Macroeconomic trends impacting the due diligence landscape: 2023 outlook
We ushered in 2023 amid a very uncertain economic environment. With high inflation, rising interest rates, and an up-and-down stock market, it’s time for investors to rethink their investment strategies and spend time understanding how the next year or two will shape their returns and investment thesis.
Let’s first look back a couple of years. Government stimulus, a low-interest-rate environment, and a surging stock market created an endless supply of capital on favorable terms to investors. Consequently, 2021 M&A activity reached new highs as we saw a huge volume of transactions (both public and private) involving middle-market and lower-middle-market deals.
Investors, investment bankers, and third-party professionals could barely keep pace with the activity. Throughout the first half of 2022, activity remained robust, despite signals that the market was entering a downturn. The second half of 2022 proved especially challenging as credit markets froze, traditional capital sources took a pause, and many transactions were pushed to the back burner. We experienced a fallout in the once-robust SPAC market as that sector found itself with little or no access to PIPE financing, and sellers hesitant about a public market environment where a significant amount of their proceeds would be tied up in public equities. We expect that the SPAC market will continue to experience significant headwinds in 2023, with many more bankruptcies and winddowns to come.
Valuations are still high and will likely be adjusted downward. However, we are seeing lags in both buyer and seller expectations creating misalignment between the parties. While alternative and private credit in the lower middle market is still available, it comes at a much higher cost as lenders are more careful and diligent with their underwriting processes. This seems to be a common theme throughout the environment – the approach to due diligence is changing.
Both the buy-side and the sell-side due diligence process feel different from what we experienced during the height of the pandemic and into 2022, where the processes generally happened in a compressed time, ramping up before clients secured exclusivity. This pushed buyers to rely more heavily on sell-side due diligence findings.
Processes have now slowed. Buyers have returned to a pre-pandemic structure where, unless a process is very competitive, they will not spend significant dollars until they are awarded exclusivity. Also, the diligence process is becoming phased, with business/commercial diligence leading the way, followed by financial, tax, legal, and other work streams.

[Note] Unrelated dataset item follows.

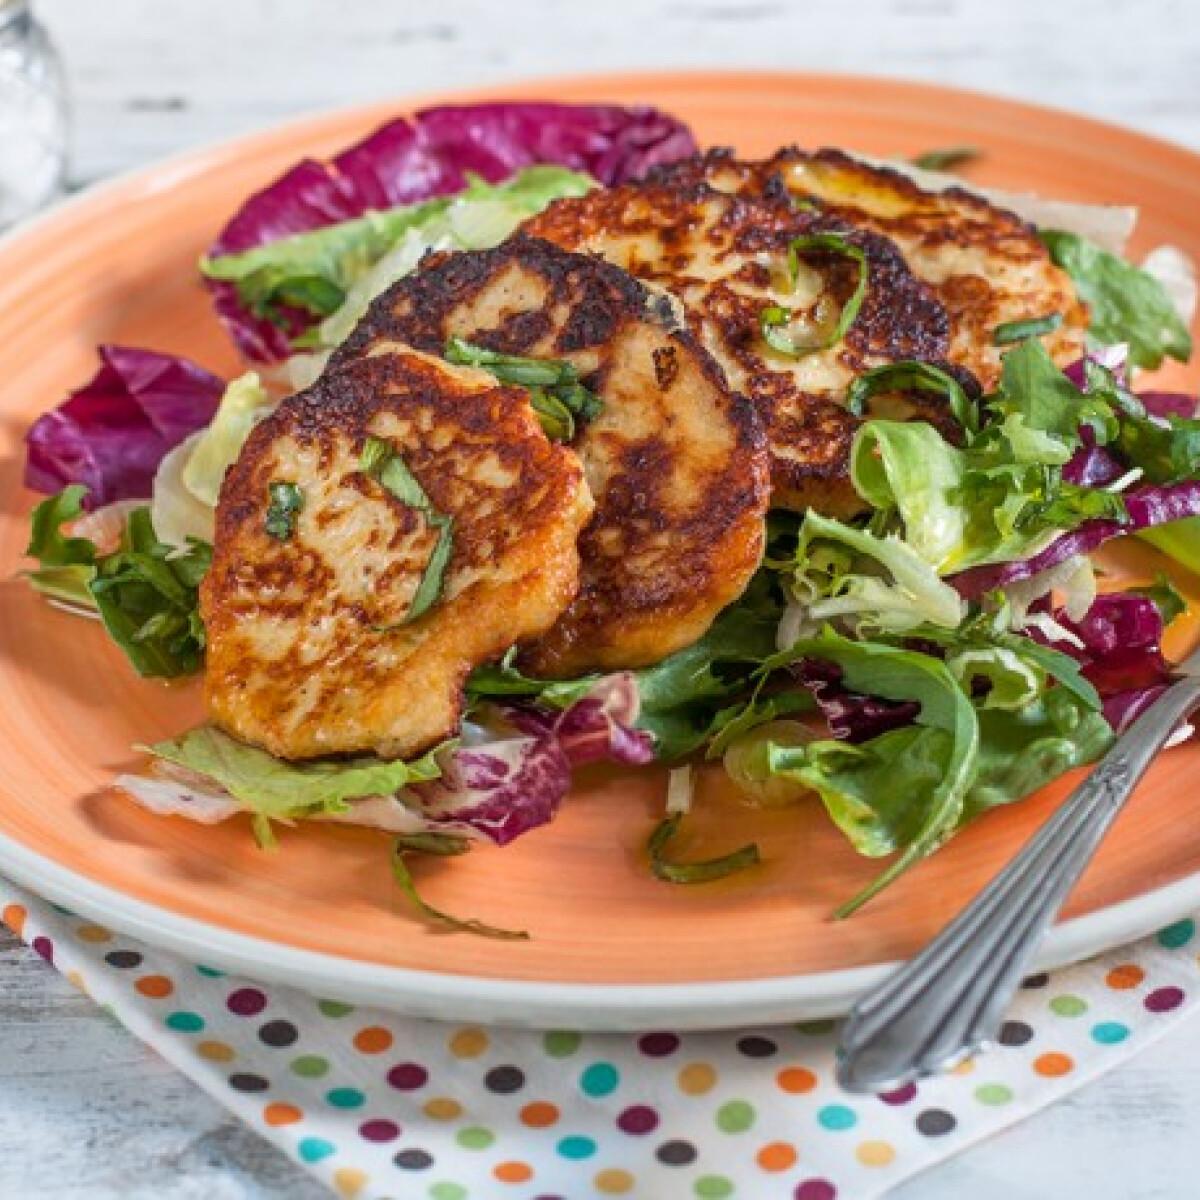 Ezen a képen: Ricotta ropogós friss salátával

It used to be that pro forma adjustments, mostly positive for the seller, positioned the business using a 12-month run-rate. Some sell-side processes went so far as to incorporate pro forma adjustments based on future events/transactions that may or may not be contractual. Let’s face it, the latter adjustments belong as “EBITDA other considerations” and should be reflected in the financial projections. Today, these adjustments are being discounted heavily in valuations, with sellers being asked to have more skin in the game through earn-out structures or seller notes.
We are seeing far more scrutiny with synergies adjustments, even in refinancing transactions. Lenders want to see support and, where possible, a trend showing that synergies are being realized. Previously, much of the discussion around synergies was taken at face value.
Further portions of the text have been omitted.